导读
 

 

PolyLM是一个通晓多种语言的大规模语言模型,涵盖中文、英文、西班牙语、法语、德语、俄语、葡萄牙语、意大利语、阿拉伯语、日语、韩语、泰语、越南语和印尼语等18个语言。该模型可以应用于对话问答、文本生成、机器翻译和情感分析等领域,能够自动生成高质量的多语言文本,从而为跨语言、文化的交流提供便利。

 

同时,基于SFT阶段,PolyLM的研发团队构建了一个名为MULTIALPACA的多语言指令数据集,包含了132,701个样本,设计了一种多语言自指导方法来自动生成数据,以175个英语种子为起点,利用多语言种子翻译、指令生成和过滤机制来提供高质量的多语言指令数据集。
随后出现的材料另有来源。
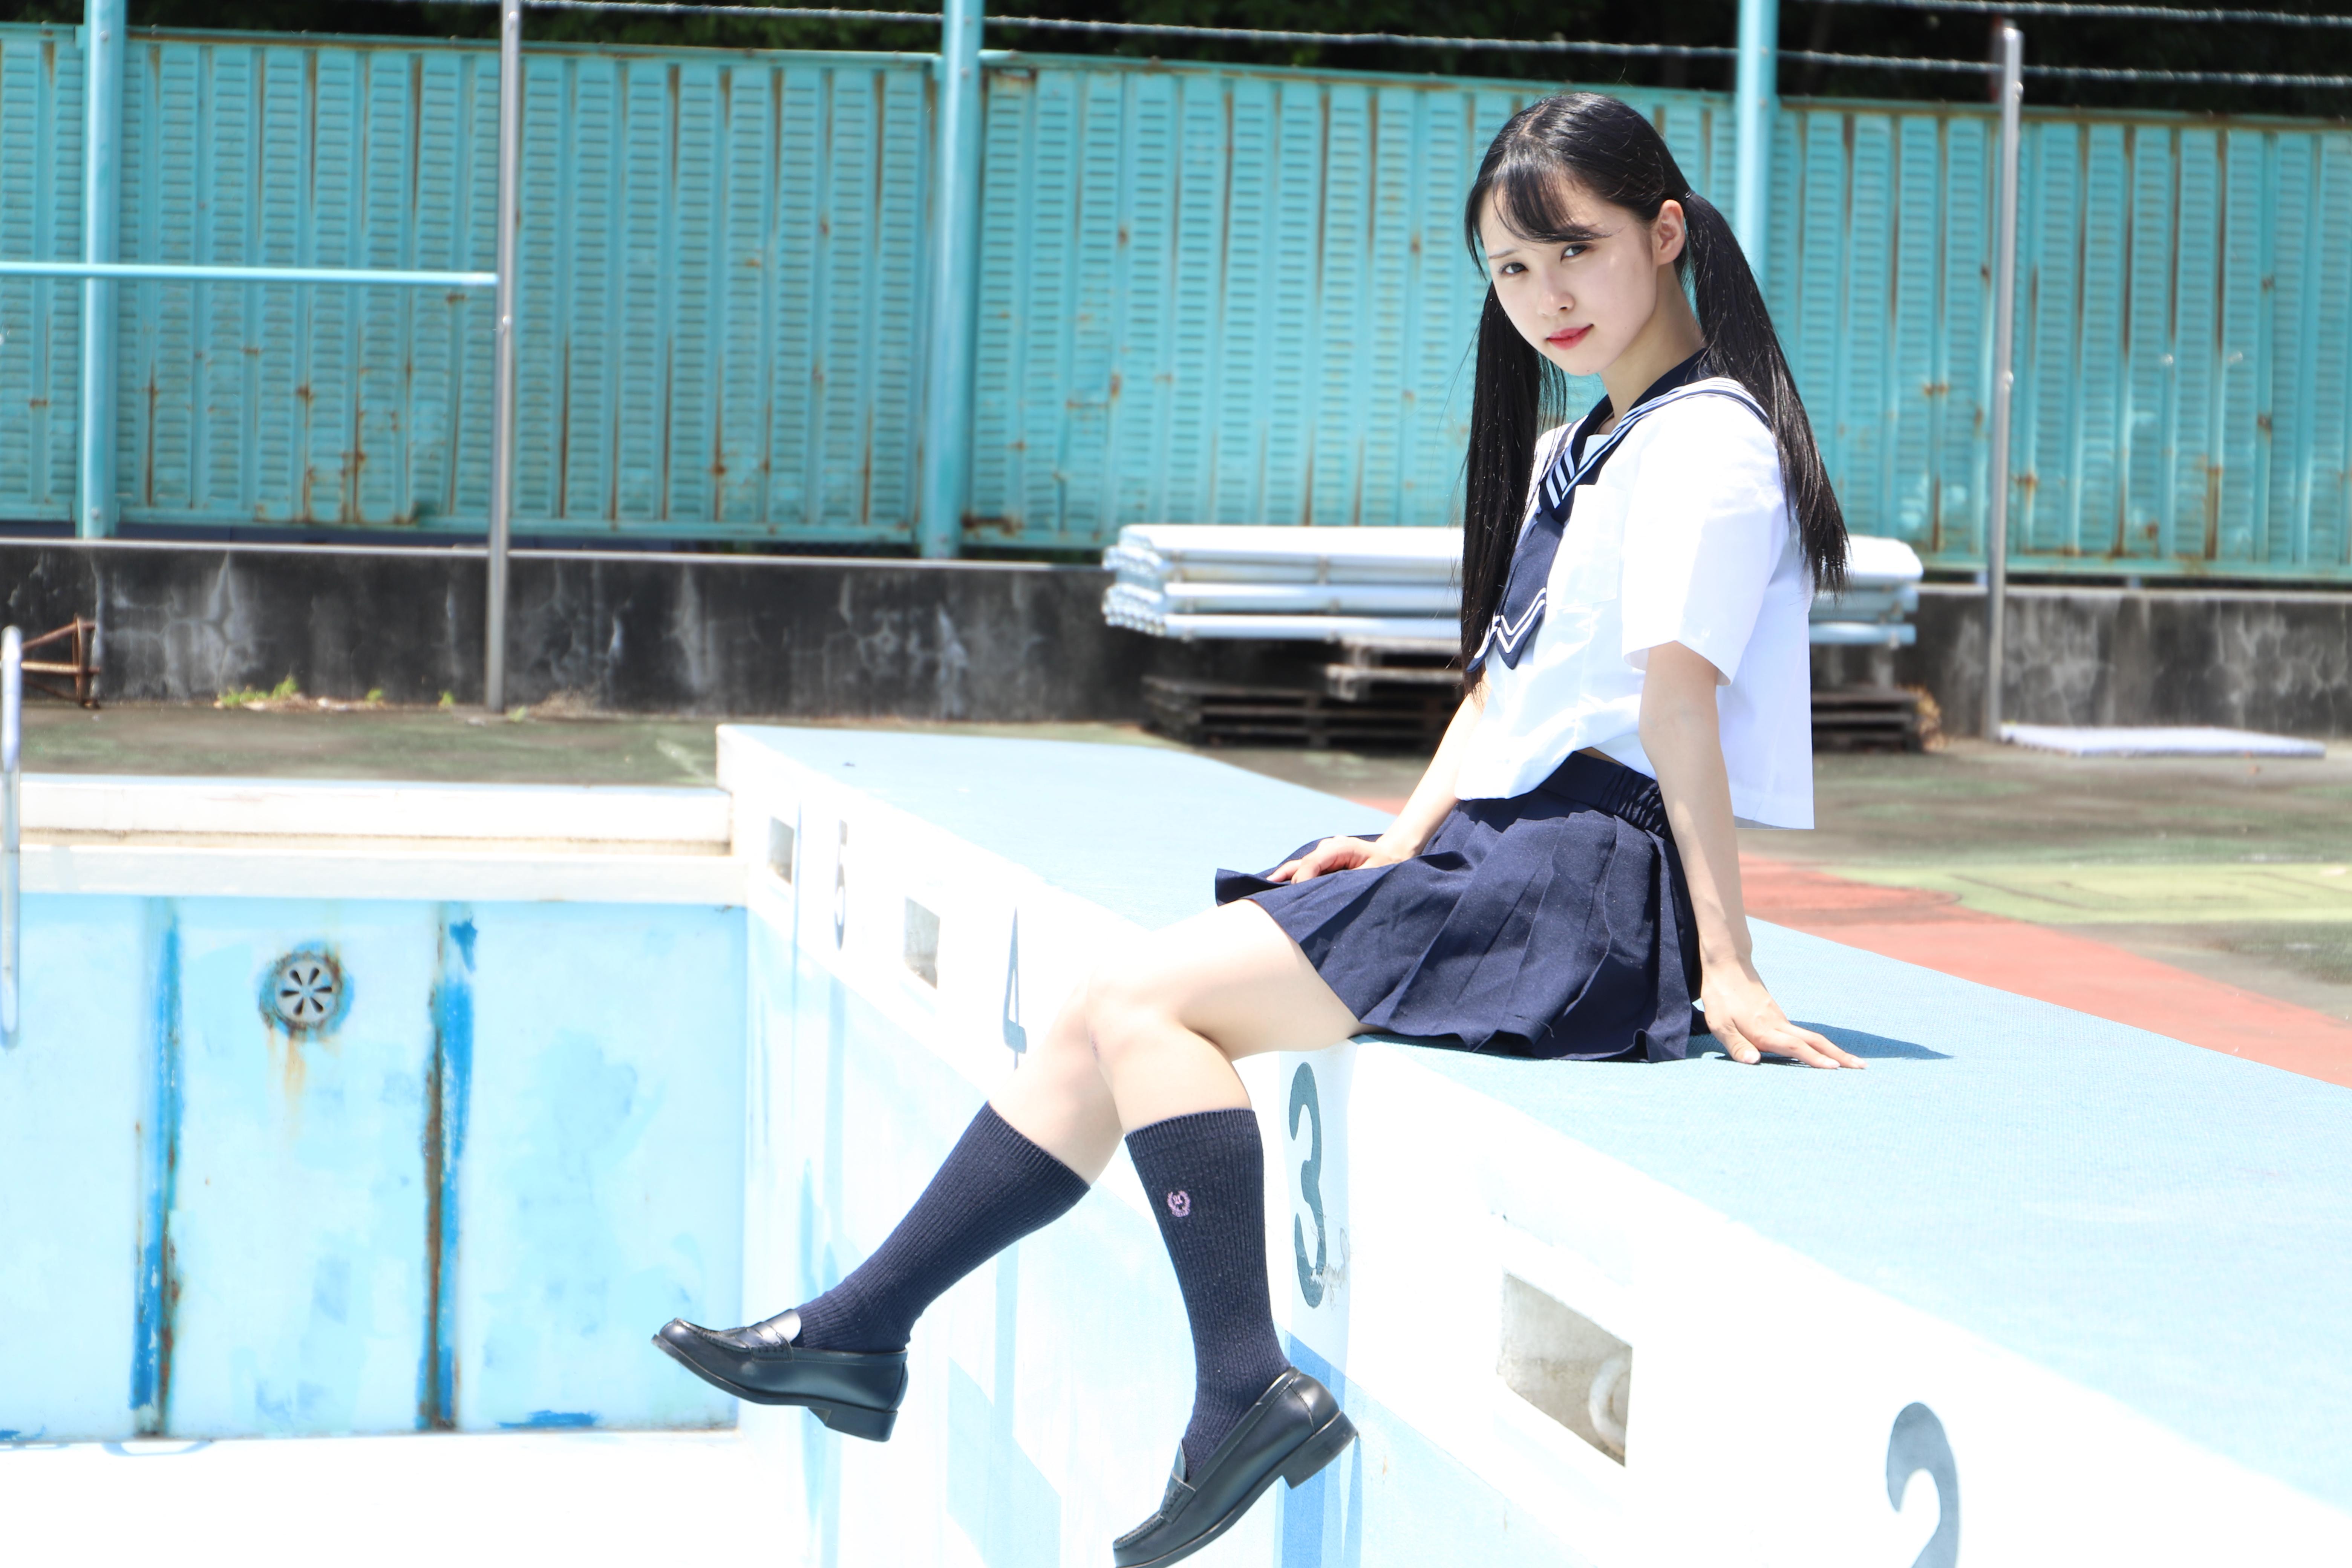 工藤聖奈1st写真集 『Teen's Last Summer』発売&イベント 9/18更新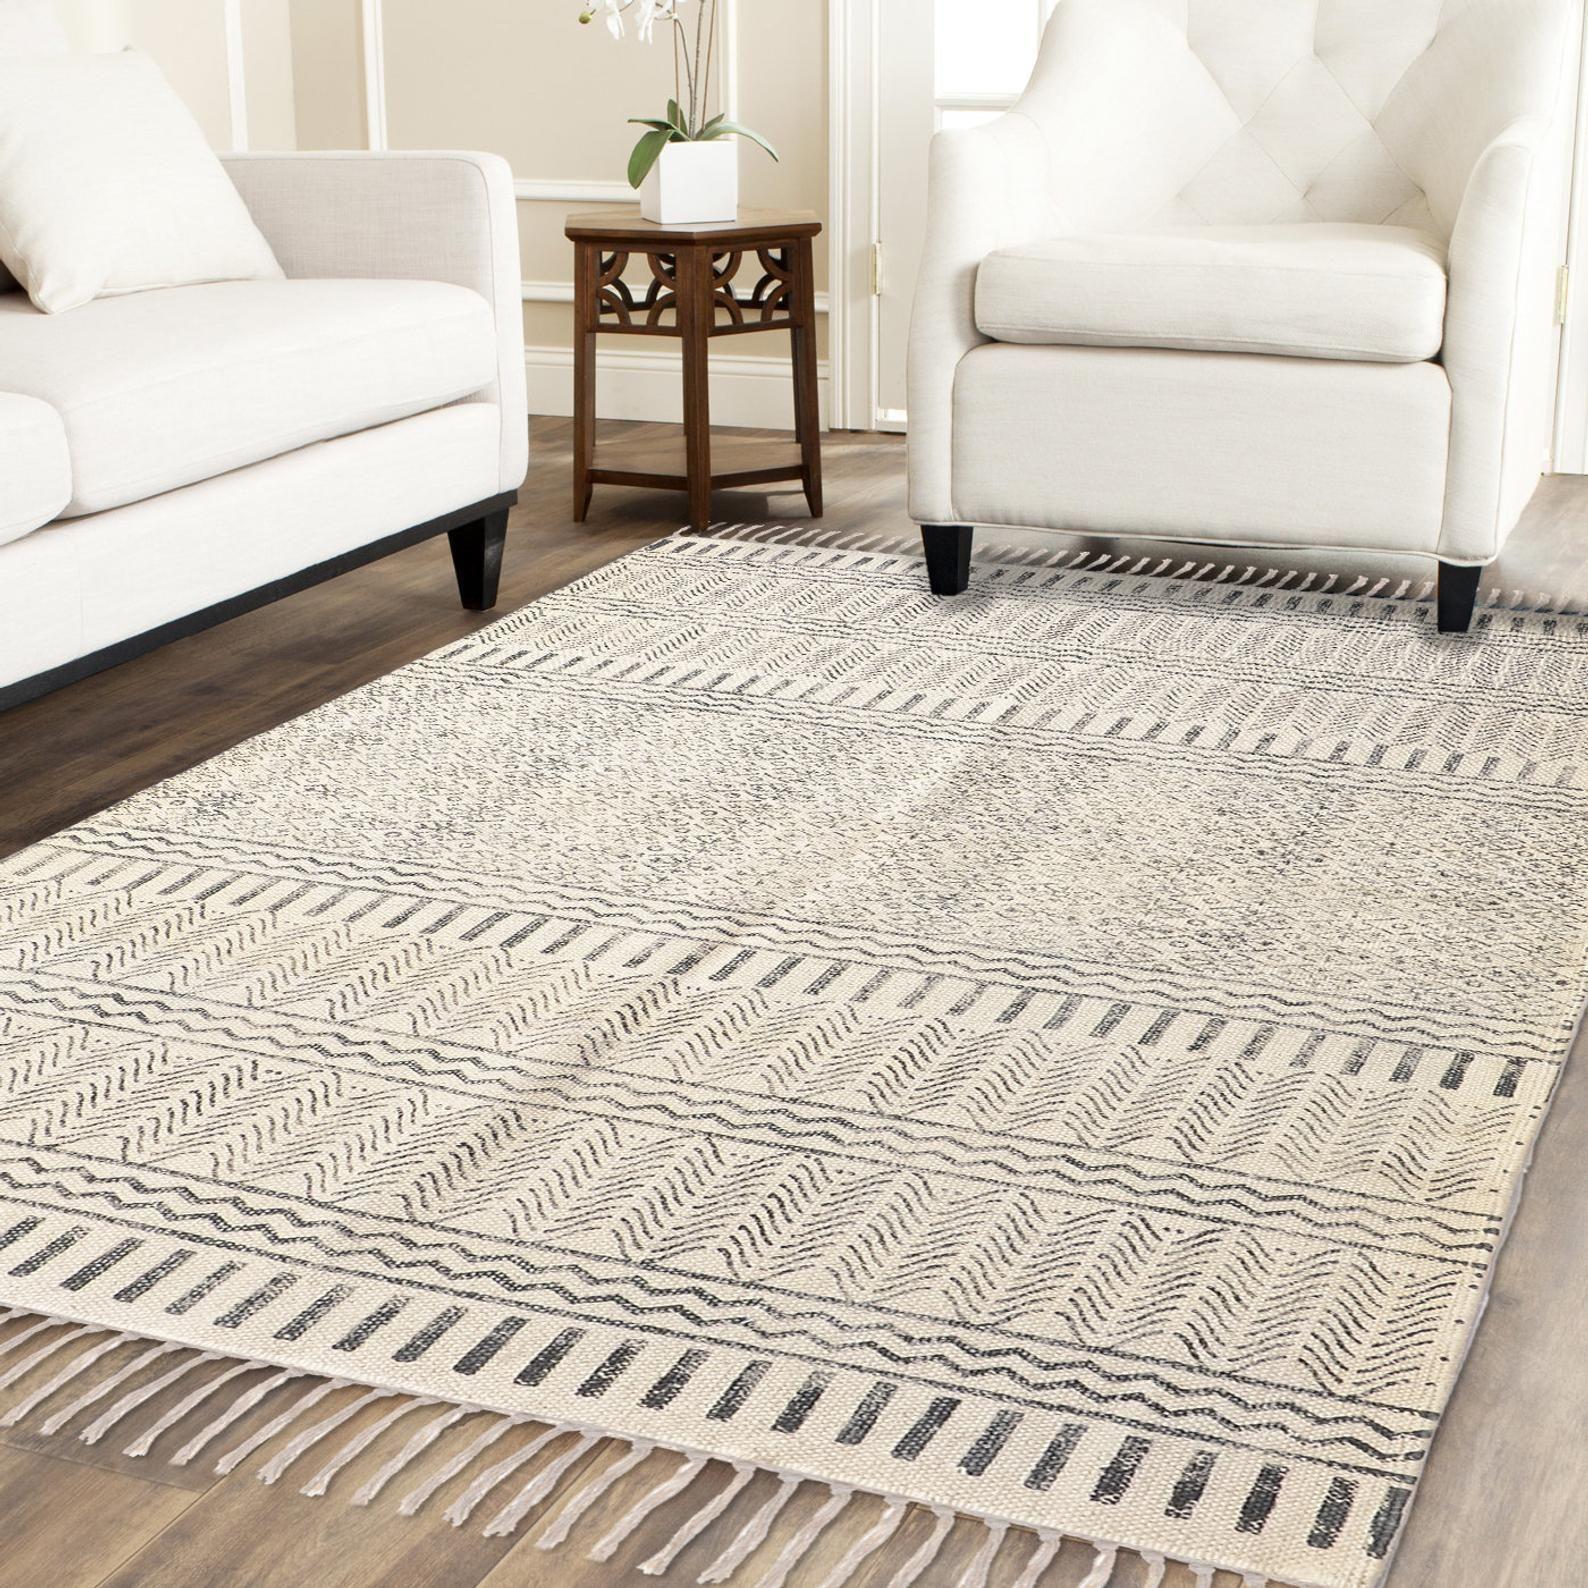 Handblock Printed Rug Indian Rug Large Rug Rug 4x6 Feet Rug Floor Rug Area Rug Rustic Rug Woven Rug Carpet Floor Rugs Indian Rugs Rugs On Carpet

该数据集现已在魔搭社区开源。

 

环境配置与安装

 

  1. 本文可在双卡V100的环境配置下运行 (显存要求48G)

  2. python>=3.8

 

实验环境准备

# Install the latest version of modelscope from source
git clone https://github.com/modelscope/modelscope.git
cd modelscope
pip install .

 

 
模型和数据集链接及下载

 

PolyLM系列模型现已在ModelScope社区开源

 

PolyLM-13B

https://www.modelscope.cn/models/damo/nlp_polylm_13b_text_generation/summary

 

PolyLM-MultiAlpaca-13B

https://modelscope.cn/models/damo/nlp_polylm_multialpaca_13b_text_generation/summary

 

PolyLM-Chat-13B

https://www.modelscope.cn/models/damo/nlp_polylm_assistant_13b_text_generation/summary

 

模型下载,load model,tokenizer

import torch
from modelscope import AutoConfig, AutoTokenizer, AutoModelForCausalLM
model_id = 'damo/nlp_polylm_13b_text_generation'

model_config = AutoConfig.from_pretrained(
    model_id, trust_remote_code=True)
tokenizer = AutoTokenizer.from_pretrained(
    model_id, trust_remote_code=True, use_fast=False)
model = AutoModelForCausalLM.from_pretrained(
    model_id,
    config=model_config,
    device_map='auto',
    torch_dtype=torch.bfloat16,
    trust_remote_code=True)

 

MultiAlpaca多语言指令精调数据集现已在ModelScope社区开源

 

MultiAlpaca多语言指令精调数据集

https://modelscope.cn/datasets/damo/nlp_polylm_multialpaca_sft/summary

 

数据集下载,load

from modelscope.msdatasets import MsDataset
ds =  MsDataset.load('damo/nlp_polylm_multialpaca_sft', subset_name='ar', split='train')
print(next(iter(ds)))

# Note: subset_name参数设置参考上表中的Language-key

 

 
创空间体验

 

PolyLM多语言智能服务机器人创空间链接:https://modelscope.cn/studios/damo/demo-polylm-multialpaca-13b/summary

 

 
模型推理

 

可以使用下面的代码进行PolyLM-13B模型的推理:

from modelscope.pipelines import pipeline
from modelscope.utils.constant import Tasks

polylm_13b_model_id = 'damo/nlp_polylm_13b_text_generation'
input_text = f"Beijing is the capital of China.\nTranslate this sentence from English to Chinese."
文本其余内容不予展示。